## Records for this task
○ ○ ○
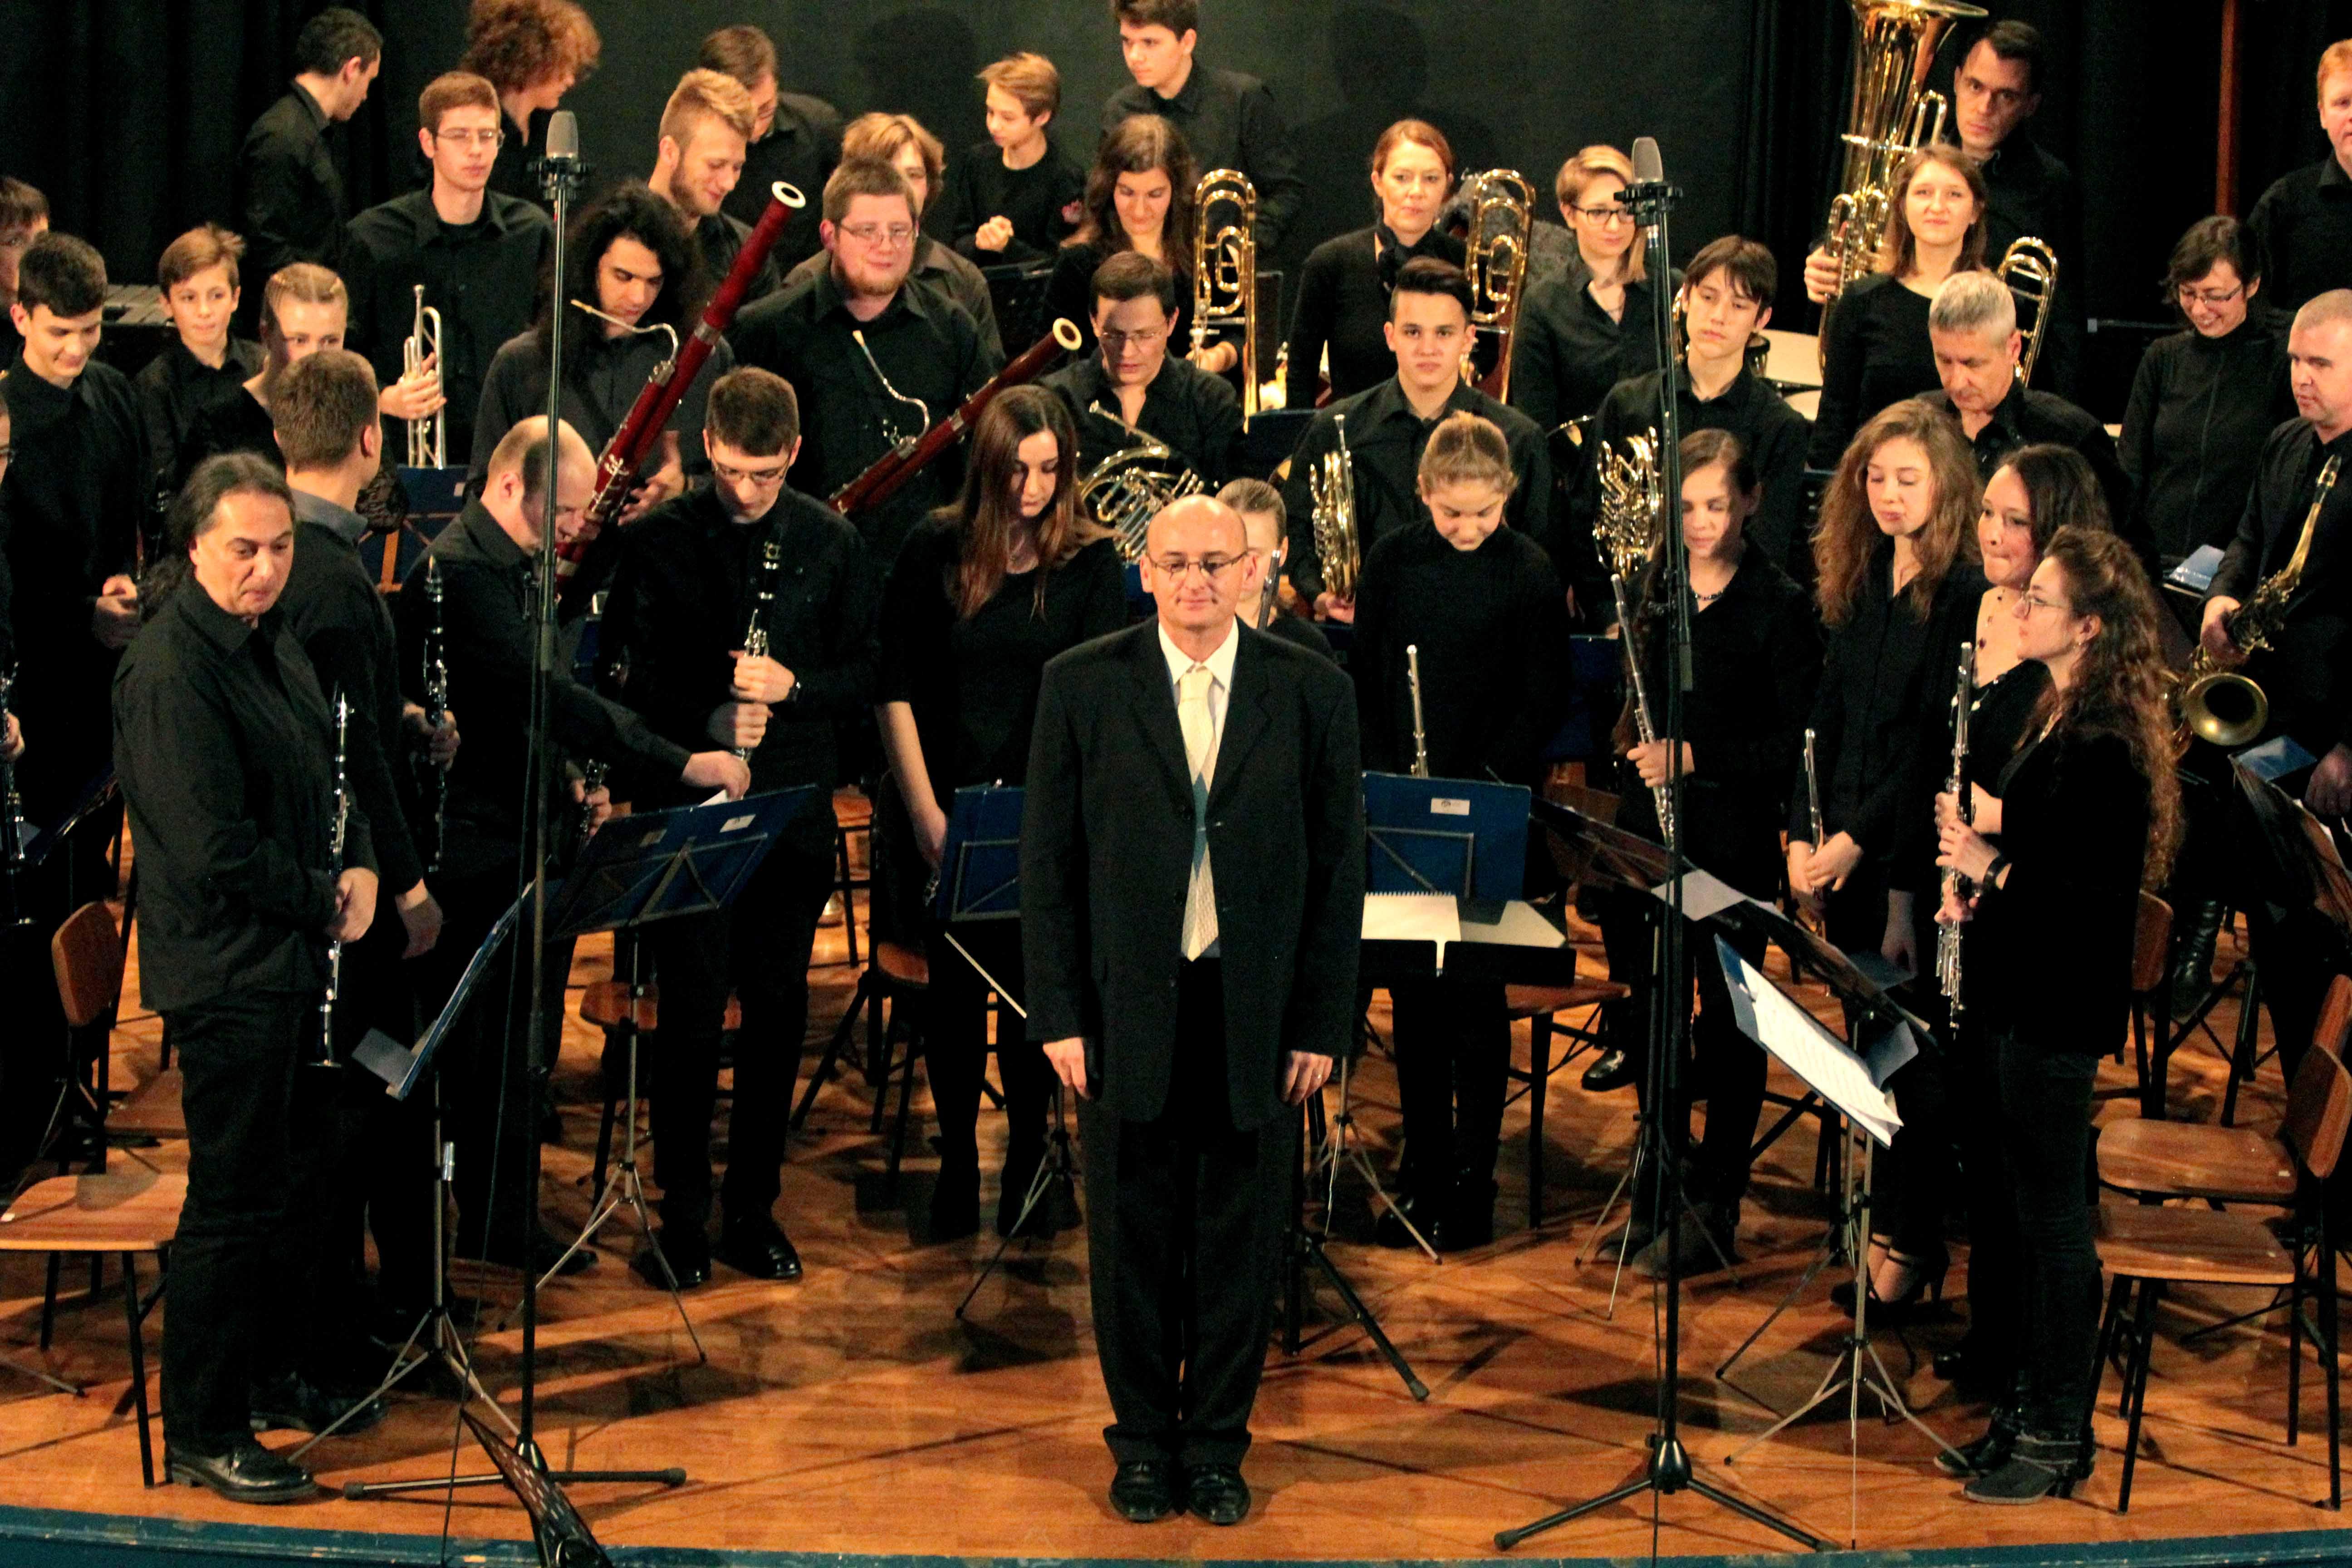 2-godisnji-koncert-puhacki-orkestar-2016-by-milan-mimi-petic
○ ○ ○
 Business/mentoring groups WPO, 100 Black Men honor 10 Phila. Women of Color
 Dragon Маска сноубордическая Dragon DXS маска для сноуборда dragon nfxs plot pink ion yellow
○ ○ ○
## Aim of the exercise
Starting at the line that has "Business/mentoring groups WPO, 100" and ending at the line that has "Dragon Маска сноубордическая", please write out the lines above exactly, leaving out all others.

## Exercise solution
 Business/mentoring groups WPO, 100 Black Men honor 10 Phila. Women of Color
 Dragon Маска сноубордическая Dragon DXS маска для сноуборда dragon nfxs plot pink ion yellow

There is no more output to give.